¿Cuándo empiezan a caducar los museos?
¿Si los museos son instituciones permanentes sin fines de lucro al servicio de la sociedad y abierta a todo tipo de público, cómo es posible que puedan caducar a pesar de que nunca cierren sus puertas?
– Cuando sus directores son nombrados por el gobierno de turno, viciando o contaminando de esta manera la toma de decisiones y resoluciones curatoriales junto a su programa de adquisición.
Esta podría ser una respuesta plausible, pero no la única, por su puesto; aun cuando contenga intertextualmente la célebre cita del artista Jean Dubuffet: “Cuando los gobiernos se encargan de proteger a las artes, es el fin de todo”. Sin embargo, existen un sinnúmero de factores para que un museo sea un fracaso viviente, o una patrimoniología fosilizada. A pesar de que muchos teóricos entienden que la palabra “museo” es un término burgués ya obsoleto (sin entrar en su etimología), si los museos que nos rodean, es decir, las instituciones que se encargan de proteger y preservar nuestra memoria material e inmaterial se desentienden de su comunidad inmediata y no involucran activamente a sus visitantes, tanto locales como extranjeros el museo comienza, irremediablemente, a caducar.
Para la museología crítica, el visitante debe ser confrontado con los dilemas de la sociedad contemporánea, siempre desde una perspectiva ética. Con esta configuración teórica resulta inevitable incluir las voces de sus visitantes y diferentes públicos a la programación expositiva. Como lo hiciera el MoMa en sus audioguías, donde también podíamos escuchar no tan solo a algunos visitantes, sino a críticos y veladores de salas hablando de su obra predilecta, por mencionar un ejemplo.
Por otro lado, no podemos dejar de mencionar la popular demanda museológica que intenta siempre festejar un pasado deshistorizante, por carecer de una narrativa cultural simétrica. En este aspecto, cabe citar al profesor de historia del arte, Dominique Poulot:
“[…] el museo debe conservar elementos del pasado y dar conciencia de ellos, es decir, construir un relato, sin reducir a sus visitantes al silencio, pero sin caer tampoco a los peligros de una representación demasiado enfática que suscite respuestas afectivas”.
Ahora bien, todavía queda mencionar las interpretaciones curatoriales que, si por un lado son parte de un fenómeno ineludiblemente hermenéutico, por el otro no pueden evitar disgregarse de las trascendencias historiográficas de los objetos u obras exhibidas.
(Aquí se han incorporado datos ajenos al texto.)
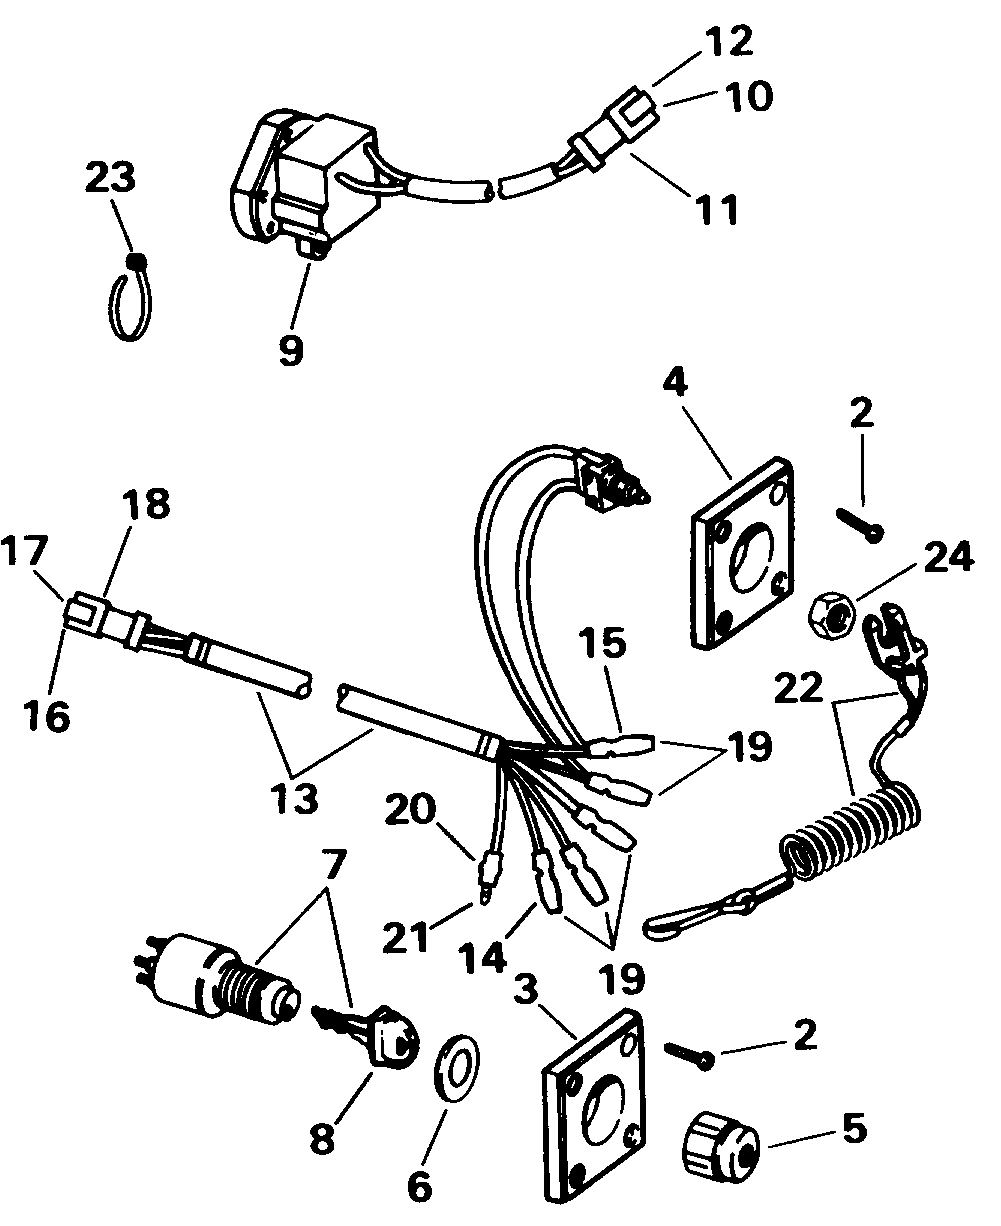 Ignition Switch Kit -- Single Bezel Electrical 1998 Accessories For - Johnson Ignition Switch Wiring Diagram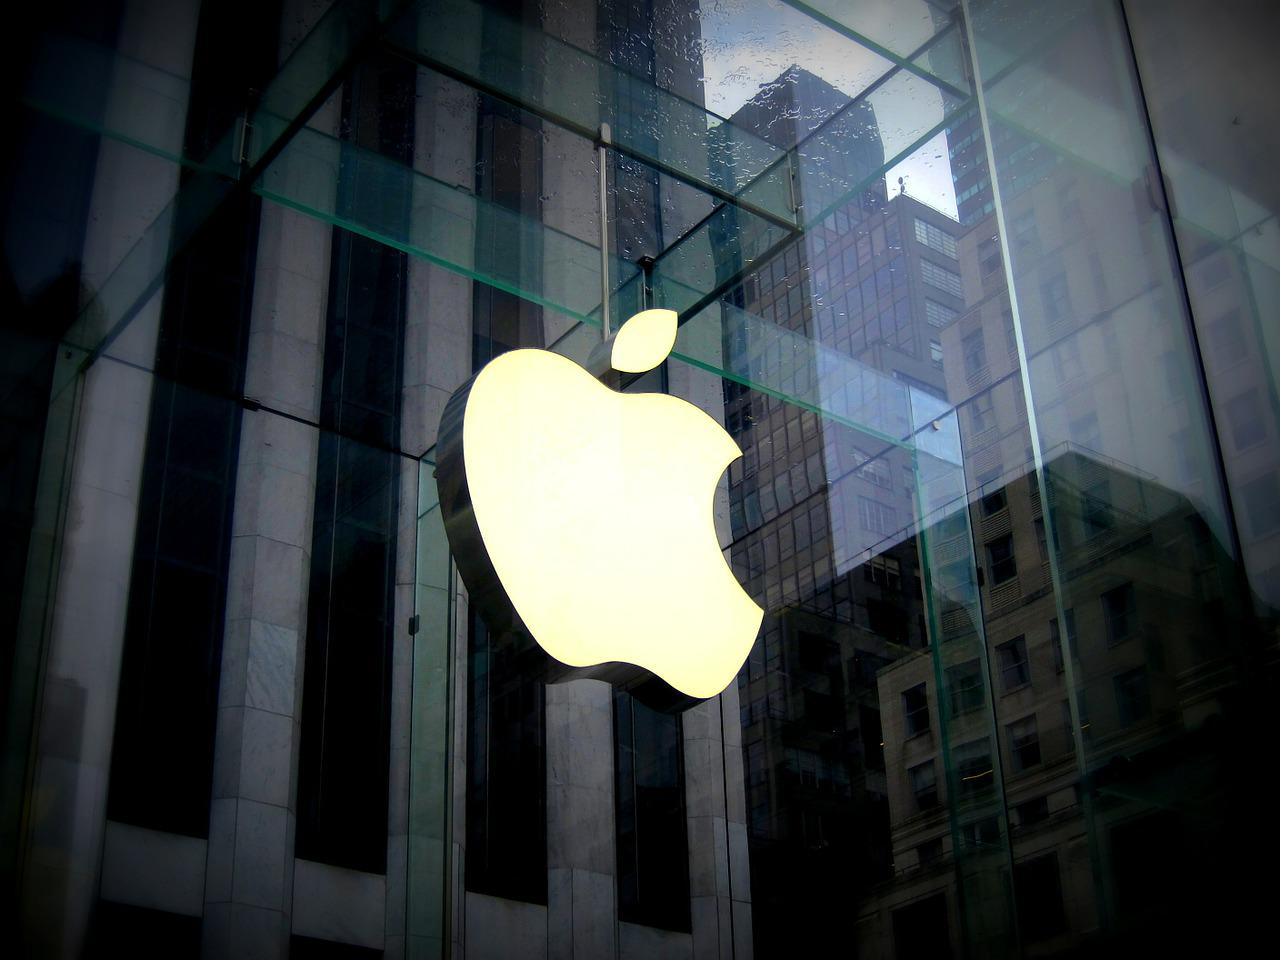 Texas federal court rules Apple owes $300M in patent infringement case

Una visita al museo no puede ser un reto filosófico basado en una epistemología discursiva autorreferencial. Si la interpretación no apela a la propia experiencia del visitante resultará en una experiencia estéril. Las interpretaciones deben provocar y estimular el pensamiento crítico, más que instruir. Quizá sea imposible desarrollar la curaduría perfecta que apele a cada espectador en todos los niveles intelectuales y sensoriales “habidos y por haber”; lo que sí resultaría imperdonable sería el incurrir al escapismo intelectual de un pasado histórico con el peso de su propia herencia. En tal caso, comenzarían a desvanecerse las preguntas y sus posibles respuestas. El museo seguiría abierto, sí: irremediable y caduco.